2.6 DNNESCAN: a framework for TFBS Prediction
DNNESCAN framework is composed of two main parts. The first part (building module) is used to build TFBS classification models using a given training sequence-set and the second part (testing module) is to identify TFBSs using the learned classifiers by scanning DNA sequences. The building module is made up of a pre-processing unit and learning unit while the testing module has only the classification unit that implicitly utilizes some of the functions of the pre-processing and learning units. The first step in the pre-processing unit is K-mer extraction. A window of size K is used to scan DNA sequences and generate K-mers by shifting the window one nucleotide position each time. As a result, a sequence of length L is partitioned into L − K +1 K-mers. The reverse complement of each K-mer is generated as well. Next, the width and mean of a DNA binding affinity signal are calculated for each K-mer and its reverse complement using the PFM model. The two-stage background filtering is applied to reduce the number of non-functional K-mers in the sequence-set. In the training module, an adaptive ellipsoidal filter model is built using the training K-mers and then it is used to filter out background K-mers in the training and testing sequences. Once the unnecessary K-mers are filtered out, a features extraction procedure is executed to calculate the numerical features for each of the remaining K-mers as was thoroughly explained earlier. The values of these features are then normalized to [0, 1] to remove the bias of different feature scales.

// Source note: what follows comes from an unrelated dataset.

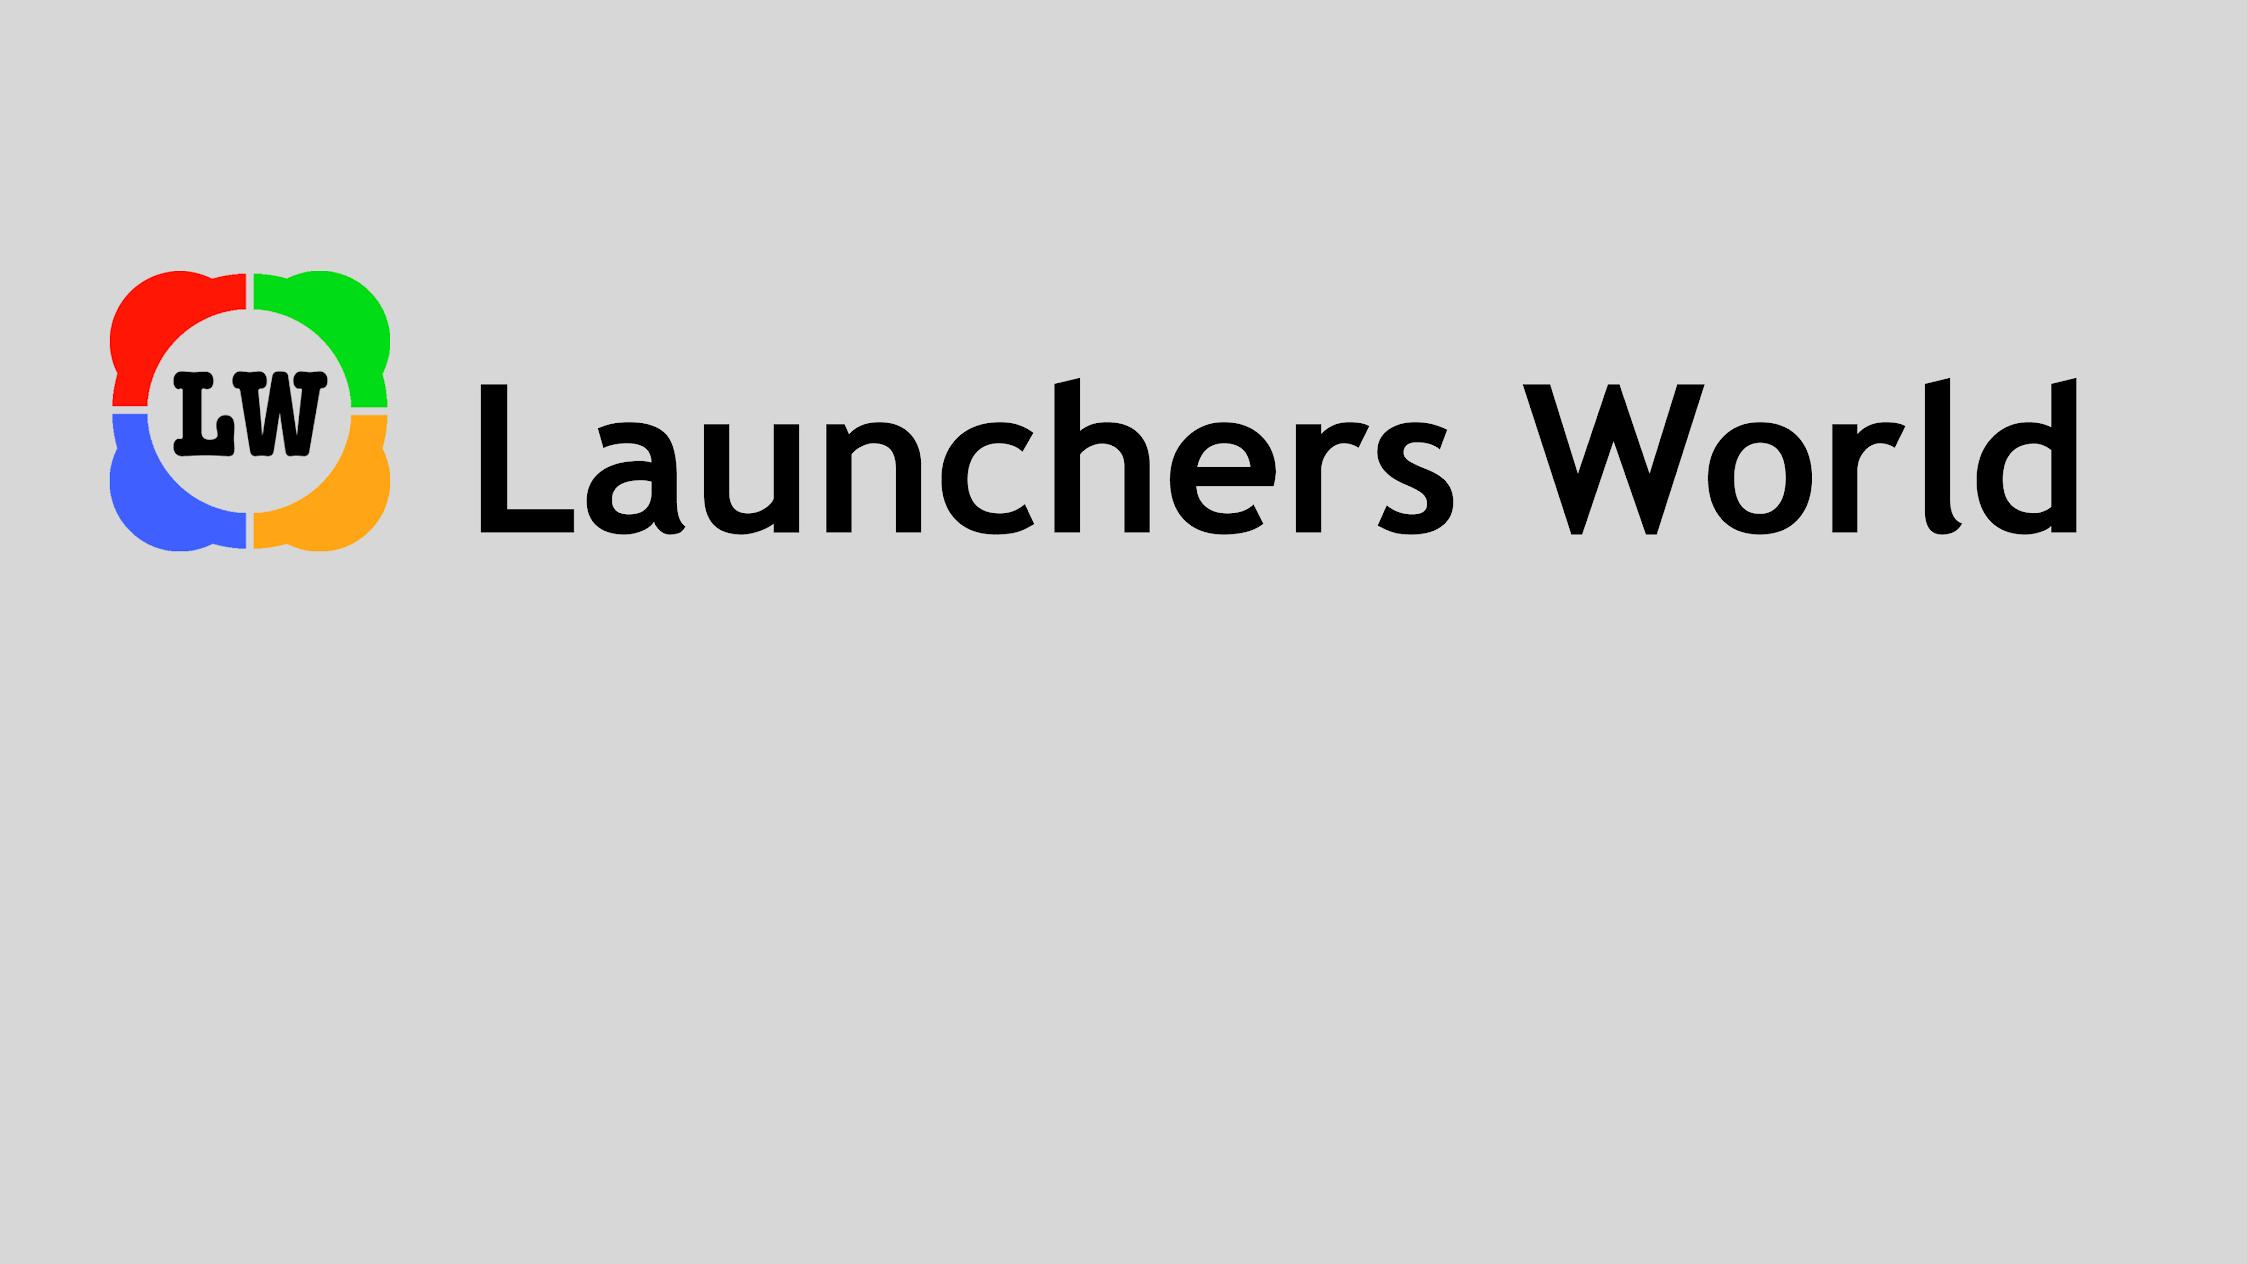 Launchers World
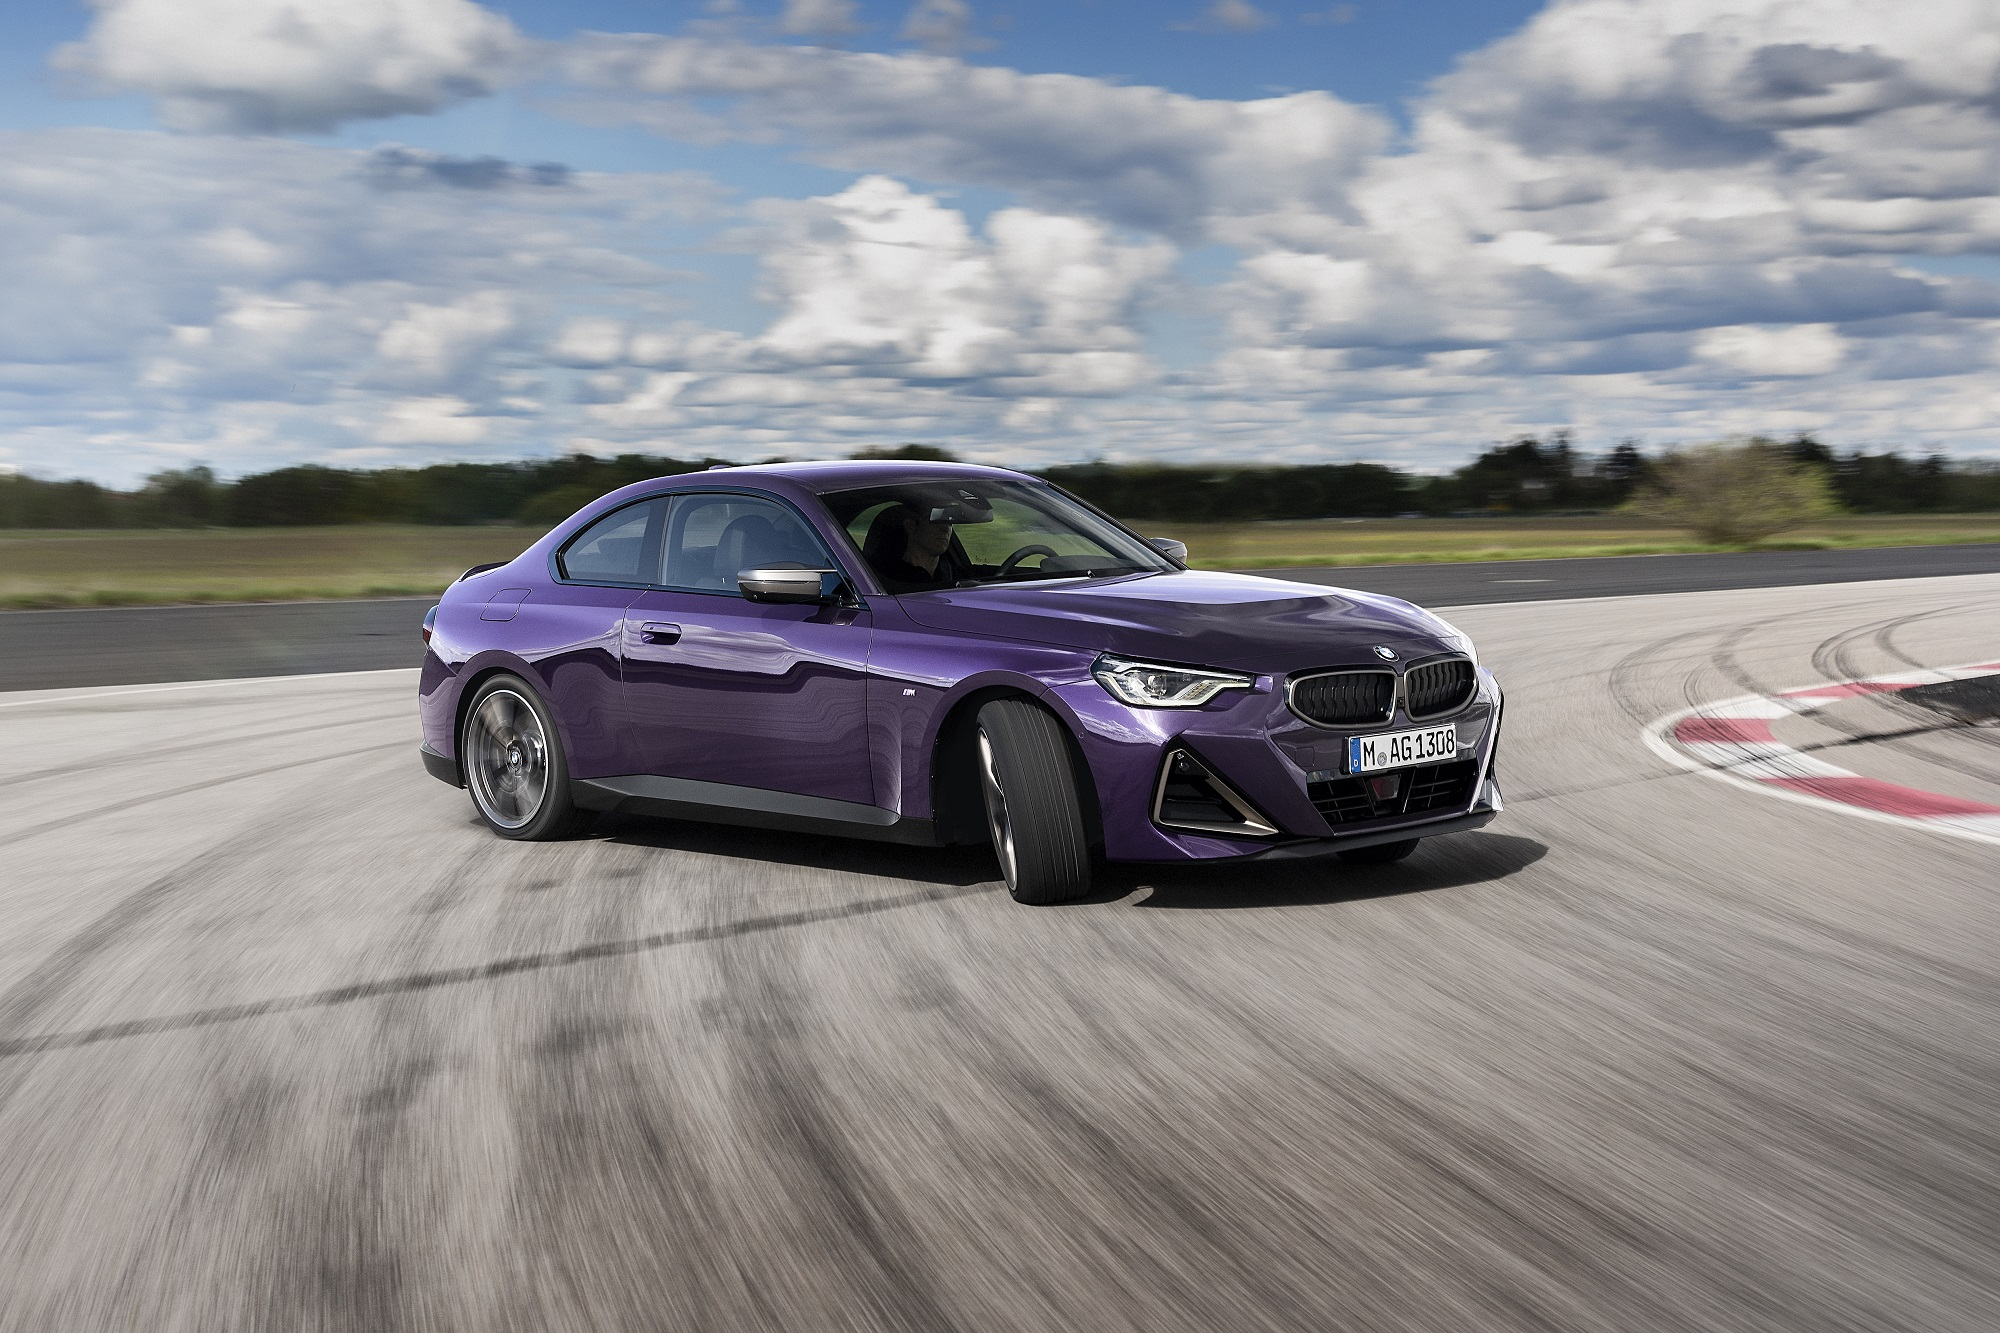 2021 BMW's 240i xDrive: Skyline GTR reincarnated? Here's 7 reasons why we believe so….

Once K-mers are characterized with numerical features, the DNNE models can be learnt from these labeled feature vectors. However, the data imbalance reduction algorithm is needed to reduce the imbalance between true binding sites and background K-mers. Afterward, the feature selection algorithm is applied and the selected features are decided based on the training K-mer set only to be used for testing K-mers as well. Eventually, neural network ensemble models are created using the DNNE learning algorithm (Alhamdoosh and Wang, 2014) and a K-mer is classified as a true binding site if the DNNE output is greater than 0 and as a background sequence otherwise. Moreover, all K-mers that are filtered out in the pre-processing stage are labeled as background sequences. Fig. 1 illustrates the architecture of our proposed framework.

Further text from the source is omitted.